Published: 22 November 2012

Abstract

Background

In this work, we propose a multilevel and multiparametric approach in order to model the growth and progression of oral squamous cell carcinoma (OSCC) after remission. OSCC constitutes the major neoplasm of the head and neck region, exhibiting a quite aggressive nature, often leading to unfavorable prognosis.

Methods

We formulate a Decision Support System assembling a multitude of heterogeneous data sources (clinical, imaging tissue and blood genomic), aiming to capture all manifestations of the disease. Our primary aim is to identify the factors that dictate OSCC progression and subsequently predict potential relapses of the disease.

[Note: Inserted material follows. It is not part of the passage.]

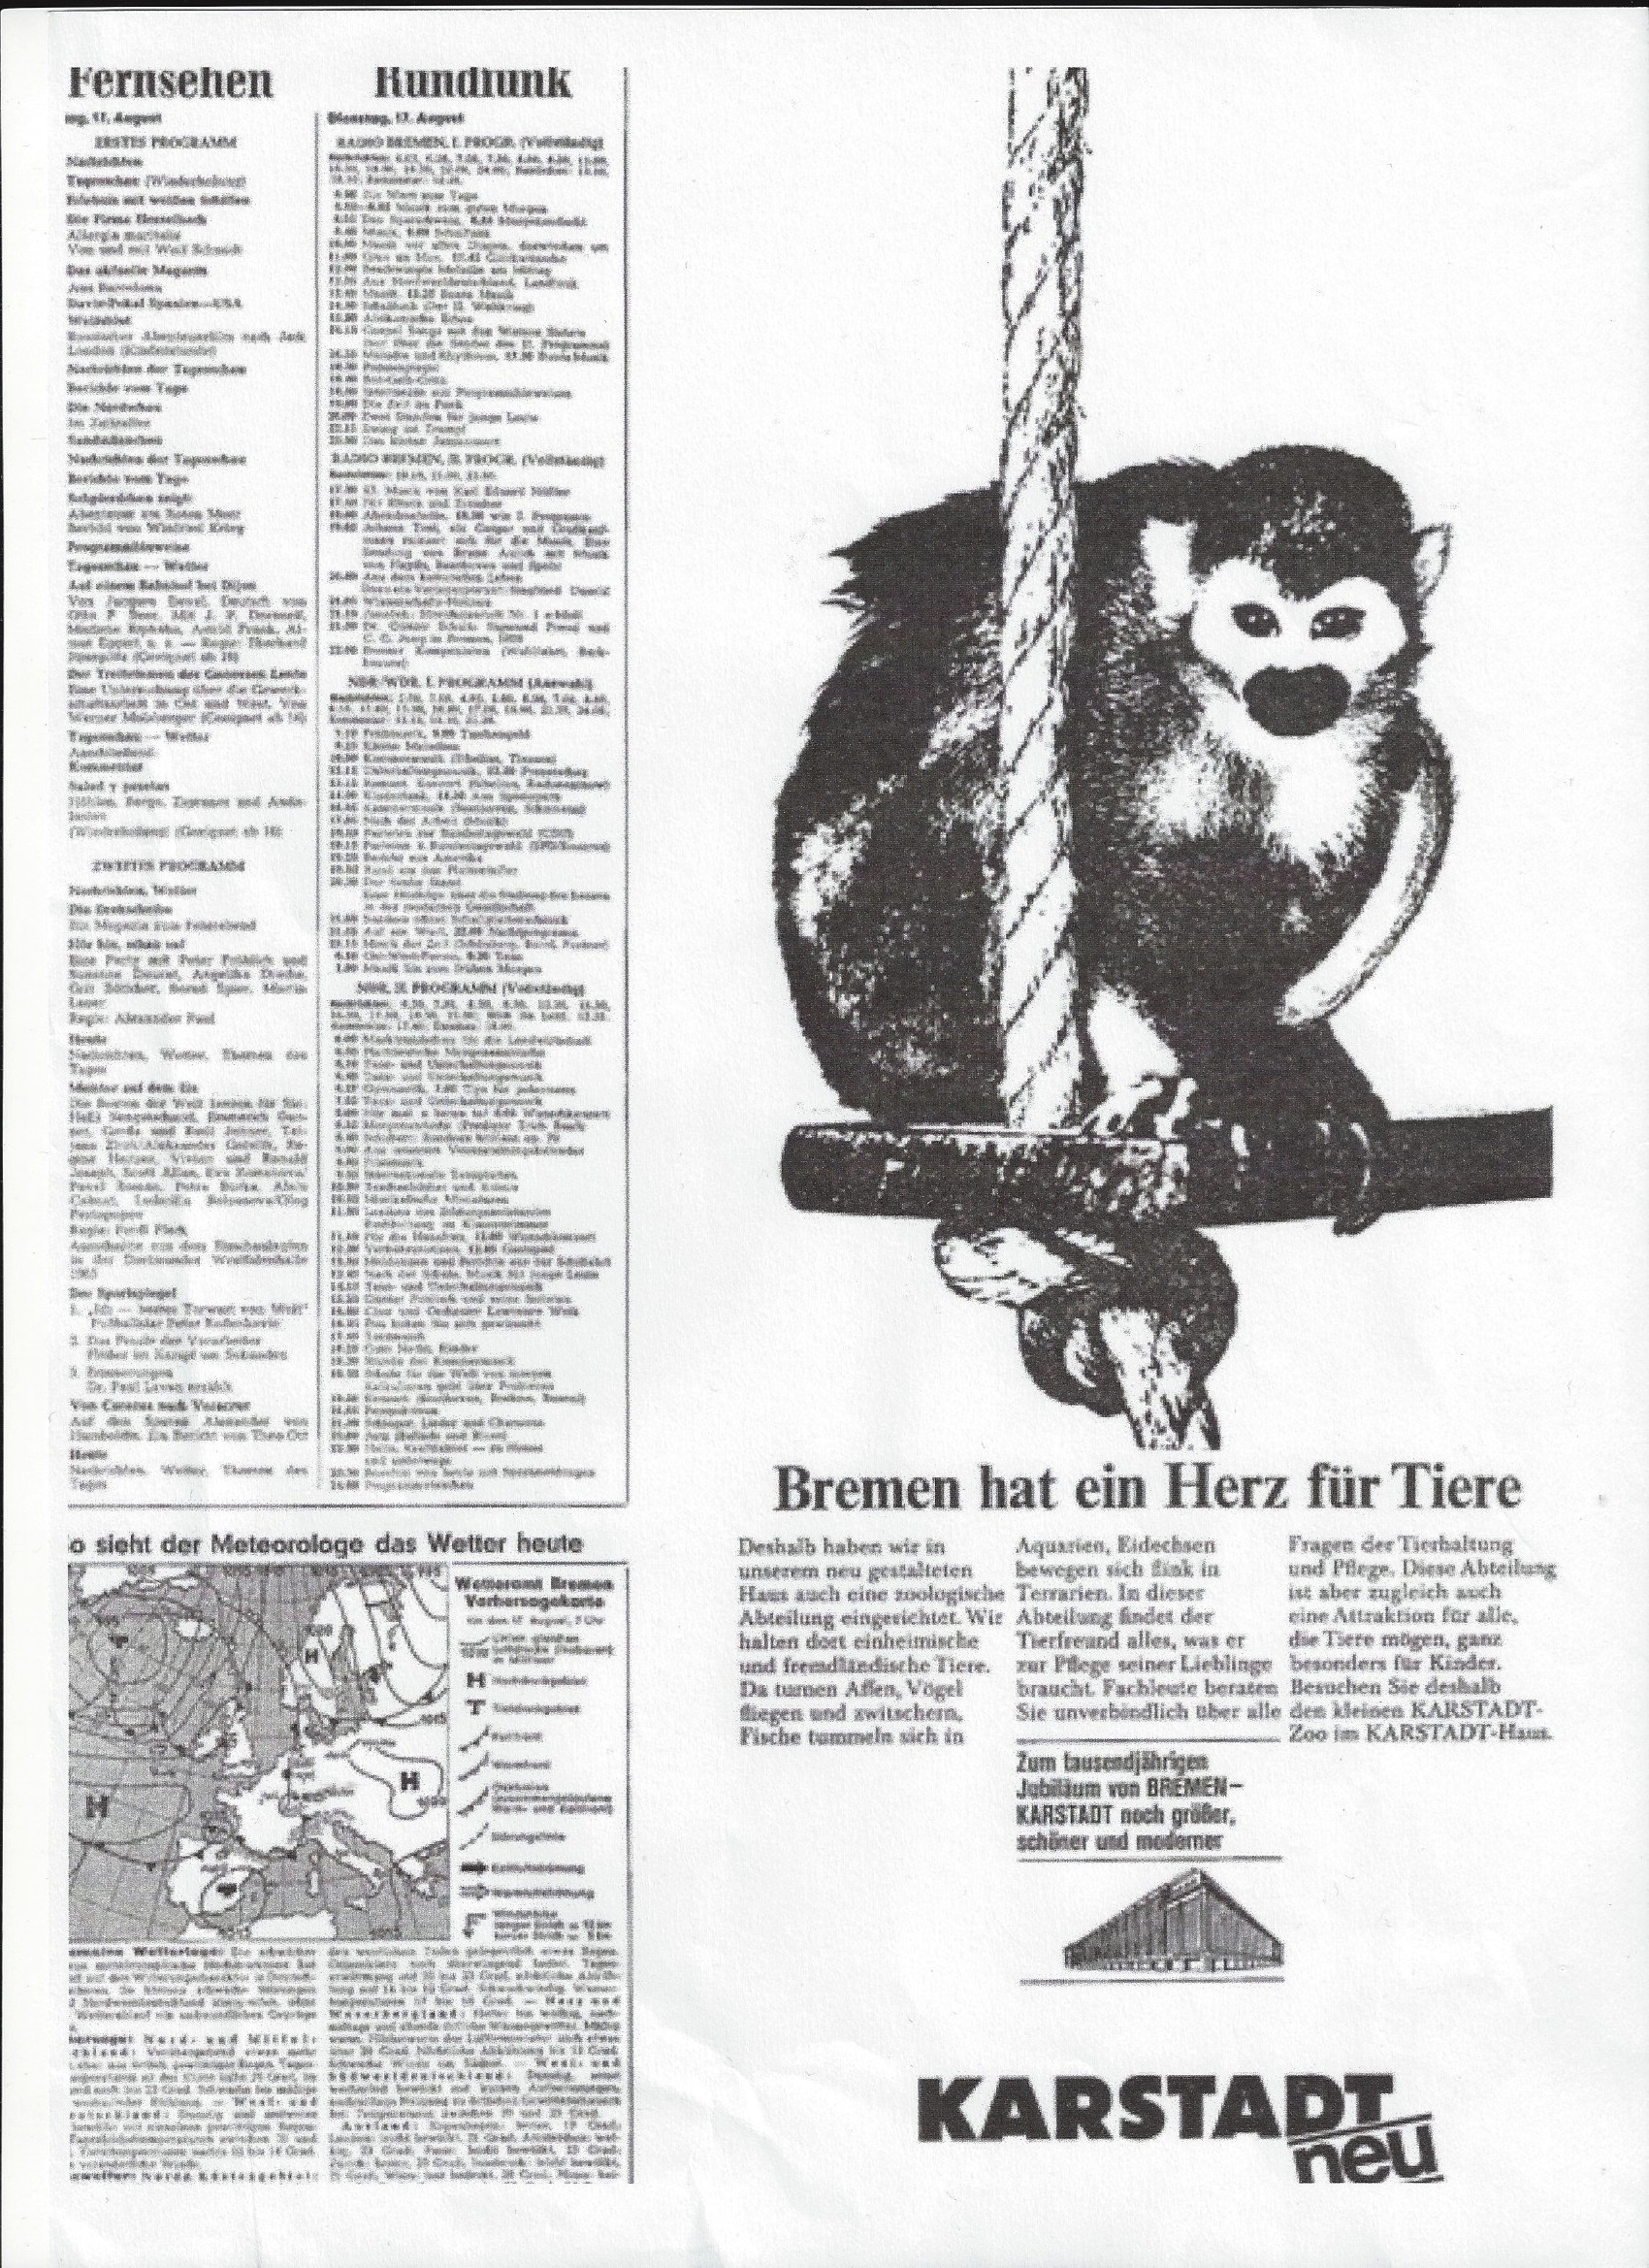 Affen als Werbeträger: Karstadt-Anzeige zur 1000-Jahr-Feier der Stadt Bremen im August 1965. Quelle: Archiv des Weser-Kuriers

The discrimination potential of each source of data is initially explored separately, and afterwards the individual predictions are combined to yield a consensus decision achieving complete discrimination between patients with and without a disease relapse. Moreover, we collect and analyze gene expression data from circulating blood cells throughout the follow-up period in consecutive time-slices, in order to model the temporal dimension of the disease. For this purpose a Dynamic Bayesian Network (DBN) is employed which is able to capture in a transparent manner the underlying mechanism dictating the disease evolvement, and employ it for monitoring the status and prognosis of the patients after remission.

Results

By feeding as input to the DBN data from the baseline visit we achieve accuracy of 86%, which is further improved to complete discrimination when data from the first follow-up visit are also employed.

Conclusions

Knowing in advance the progression of the disease, i.e. identifying groups of patients with higher/lower risk of reoccurrence, we are able to determine the subsequent treatment protocol in a more personalized manner.